The first INIMA survey of European interim managers coincided in 2020 with the COVID pandemic and a market crisis, whilst 2021 showed positive signs of recovery.
In 2022 interims reported a continued improvement in the average day rate (+90€/949€) and the utilization (+6%). Another positive sign was an increase (+6%) in the managers that started the year “on assignment”.
There was a reduction (-3%) in C-level assignments as interim managers shifted to project management or head of department roles. This role change was appreciated by the market as the day rate increased in 2022.
In the past two years Portugal and the Czech Republic joined INIMA, increasing the network to 11 European Countries and over 2500 members. This our third survey reported the opinions of 700 practising European interim managers.
Flexibility and resilience were discriminating factors of interim managers since the outbreak of COVID to the present day. They addressed a wide range of business issues to meet the evolving challenges of assignments. The primary issue was change management, followed by process optimization, project management, business development and general management
Resilience was shown by many interims who carried a personal financial burden of the lockdown and the resulting low utilization. Thankfully the utilization has increased (+13%) in the last two(2) years. Indeed, utilization increased to a degree in Germany, Austria and Switzerland that some interims reported difficulty in maintaining a satisfactory work-life balance.
A typical European Interim Manager in the survey was male. aged 56 years, with more than 8 years of experience as an interim professional. The 2021 Eurostat survey reported 35% of permanent management positions in Europe were occupied by women, whereas only 11% of the European Interim Managers were women in the INIMA survey, a decrease (-3%) with respect to the previous two years. France, Poland and Switzerland had the largest percentage of female interim managers (circa 20%).
The major clients for European interim managers were equipment and machinery manufacturers, automotive companies and the industrial sector. The interim markets mirrored the National Economies, managers in Northern Europe served large companies, whilst managers in Southern Europe served smaller companies.
Throughout Europe, the main sales channels remained the personal network(47%) and the Interim Providers(32%), the interim providers gained twelve(12%) points from last year. To facilitate the market INIMA launched a “zero cost” international interim candidate search channel for providers which shared opportunities with National associations in 2022.
The top 5 challenges forseen by interim managers in the next twelve(12) months were:
1. Sales Channel
Optimise self-acquisition activities and generate contracts without an interim provider
2. Day Rates
Obtain cost transparency from the provider (margin on the day rate)

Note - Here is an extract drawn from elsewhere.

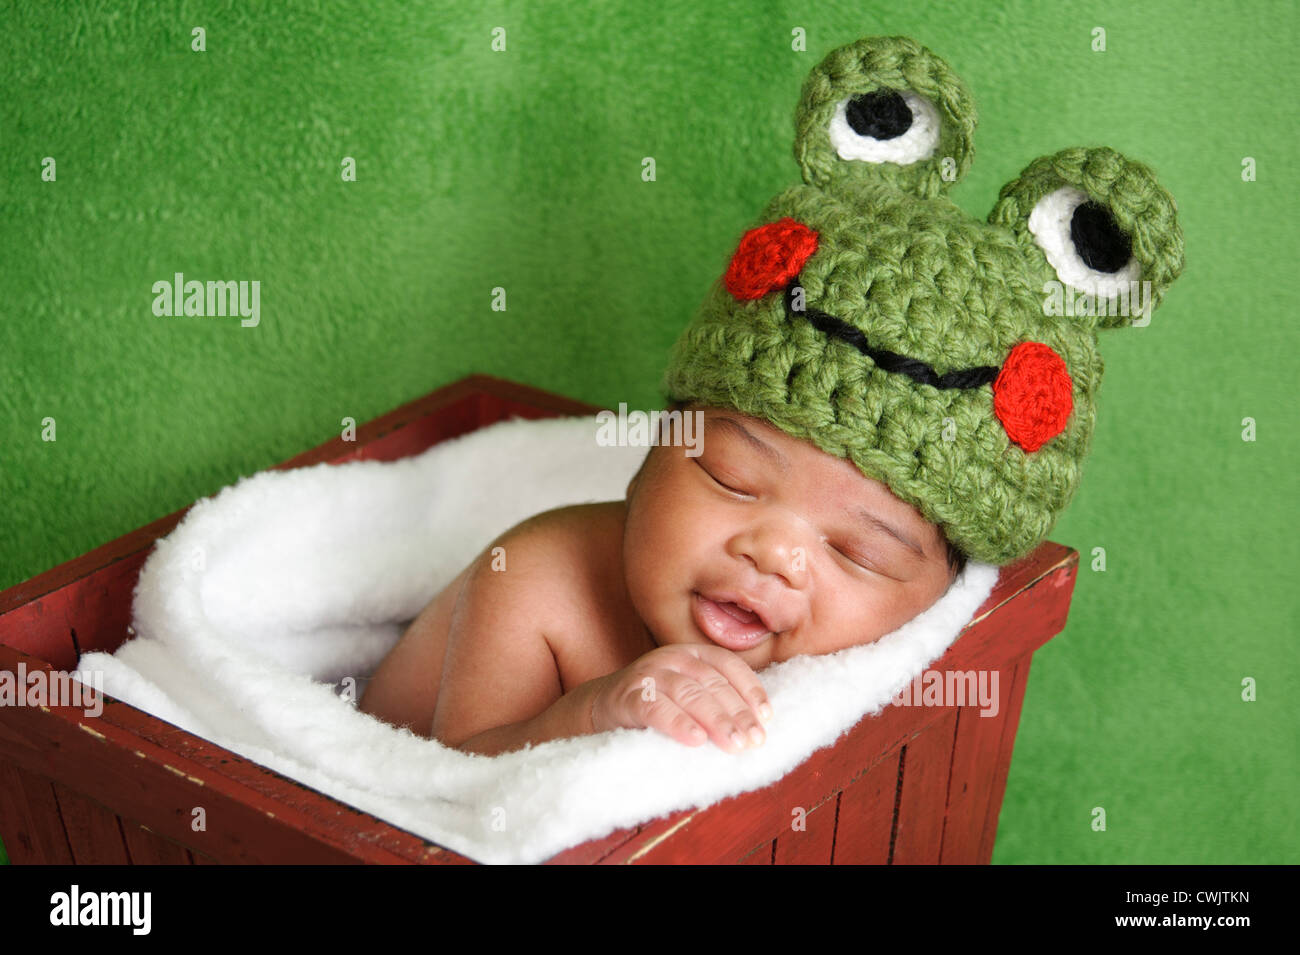 13 day old smiling newborn baby boy wearing a green crocheted frog hat. He is sleeping in a red wooden box. Stock Photo

Maintain a satisfactory level of working days, and a satisfactory time between assignments
4. Client relationship
Address client uncertainties e.g collaborate with the client to prepare clear and measurable assignment objectives.
5. Work-life balance
Maintain a healthy work-life balance and secure a stable future
Again in this survey Interim managers thought “positively” towards interim management business development, even with the foreseeable difficulties of a turbulent economy.
INIMA aims to be an International Network of Interim Manager Associations as a non-profit organization whose partners share common principles, values and a code of conduct. INIMA supports cross border collaboration to advance the Interim Management profession and facilitate the exchange of knowledge between the members of the INIMA partner associations. INIMA shall encourage communication, and share experiences, best practices and competencies.